India's Home Minister Amit Shah announced that the corridor will re-open from Wednesday ahead of Nanak's birth anniversary this Friday.

"In a major decision, that will benefit large numbers of Sikh pilgrims, PM @narendramodi govt has decided to re-open the Kartarpur Sahib Corridor from tomorrow," he said on Twitter.

"I am sure that (the) govt’s decision to reopen the Kartarpur Sahib corridor will further boost the joy and happiness across the country," Shah added.

A Pakistani official source said the corridor had never been closed on the Pakistan side, and that they were waiting for confirmation from Indian authorities that the pilgrims would be allowed to cross.

The white-domed shrine in Kartarpur, a small town just four kilometres (2.5 miles) inside Pakistan, had remained out of reach of Indian Sikhs for decades because of hostile relations between the two countries.

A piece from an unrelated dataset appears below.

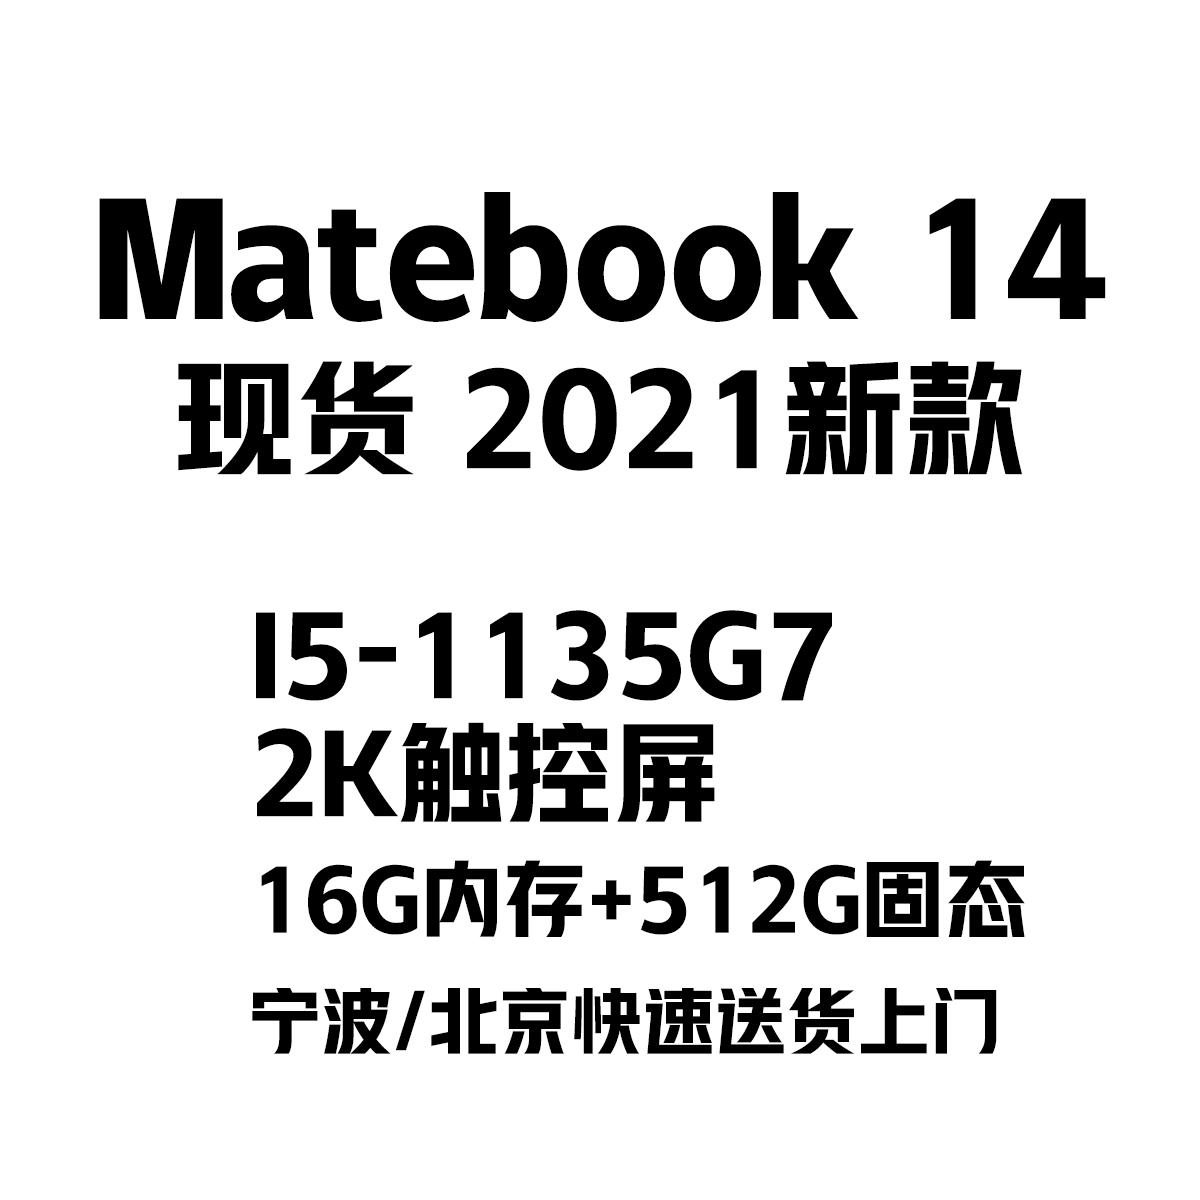 Huawei/ファーウェイMateBook 14 KLV-W 19 2021項11代i 5現物寧波北京花唄
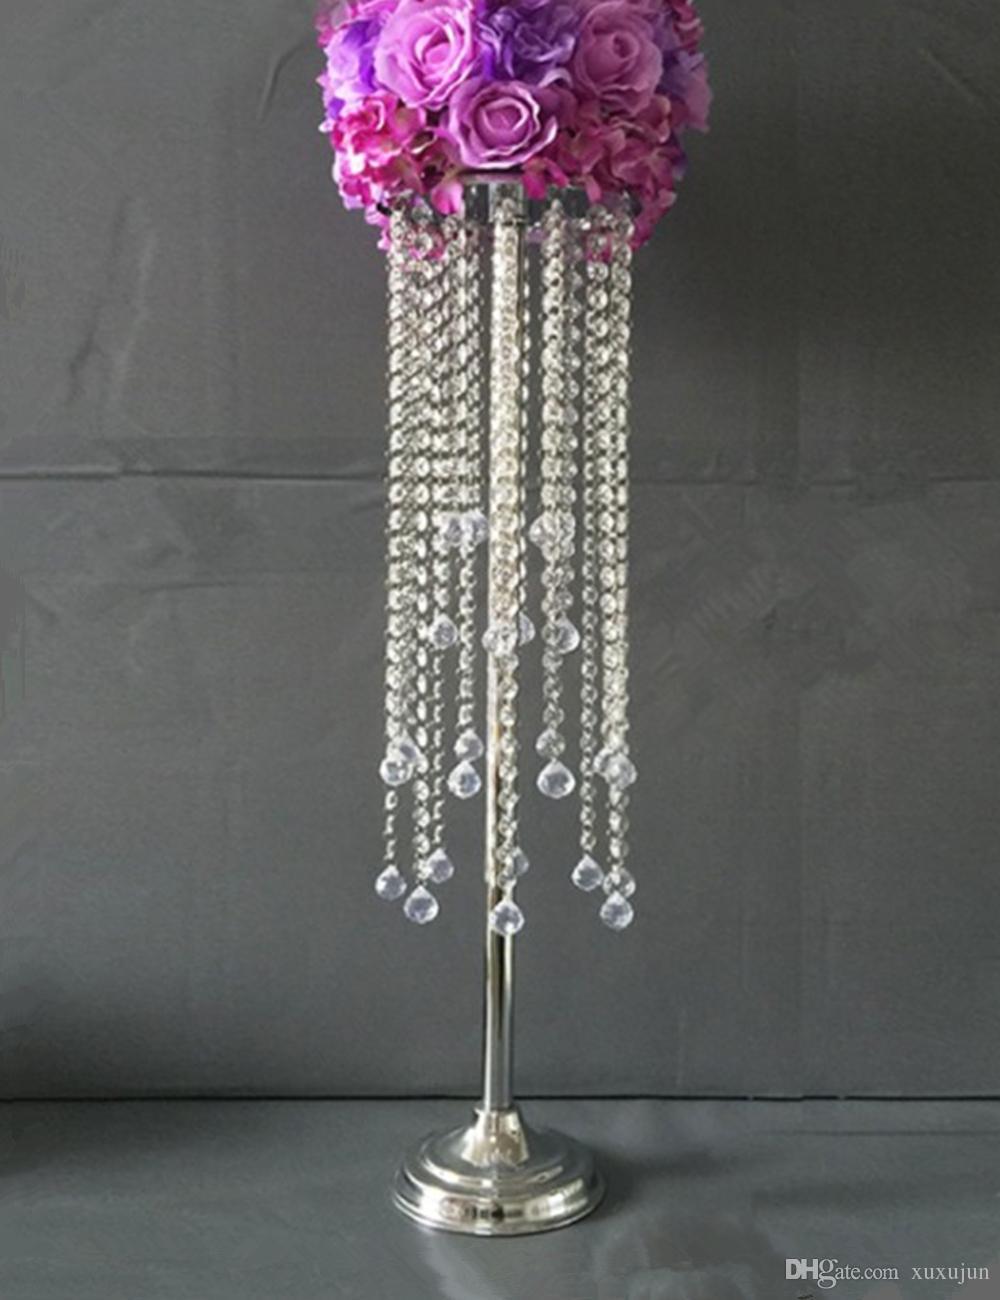 Acrylic Crystal Wedding Centerpiece Table 80CM Tall 20CM Diameter Decor Road Leads

When Pakistan was carved out of India at the end of British rule in 1947, Kartarpur ended up on the Pakistan side of the border, while most of the region’s Sikhs remained on the other side.

There are an estimated 20,000 Sikhs left in Pakistan after millions fled to India following the bloody religious violence ignited by partition.

Guru Nanak, born in 1469 to a Hindu family near the present-day Pakistani city of Lahore, is revered both by Sikhs and Hindus who prepare community feasts known as langars to mark his birth anniversary.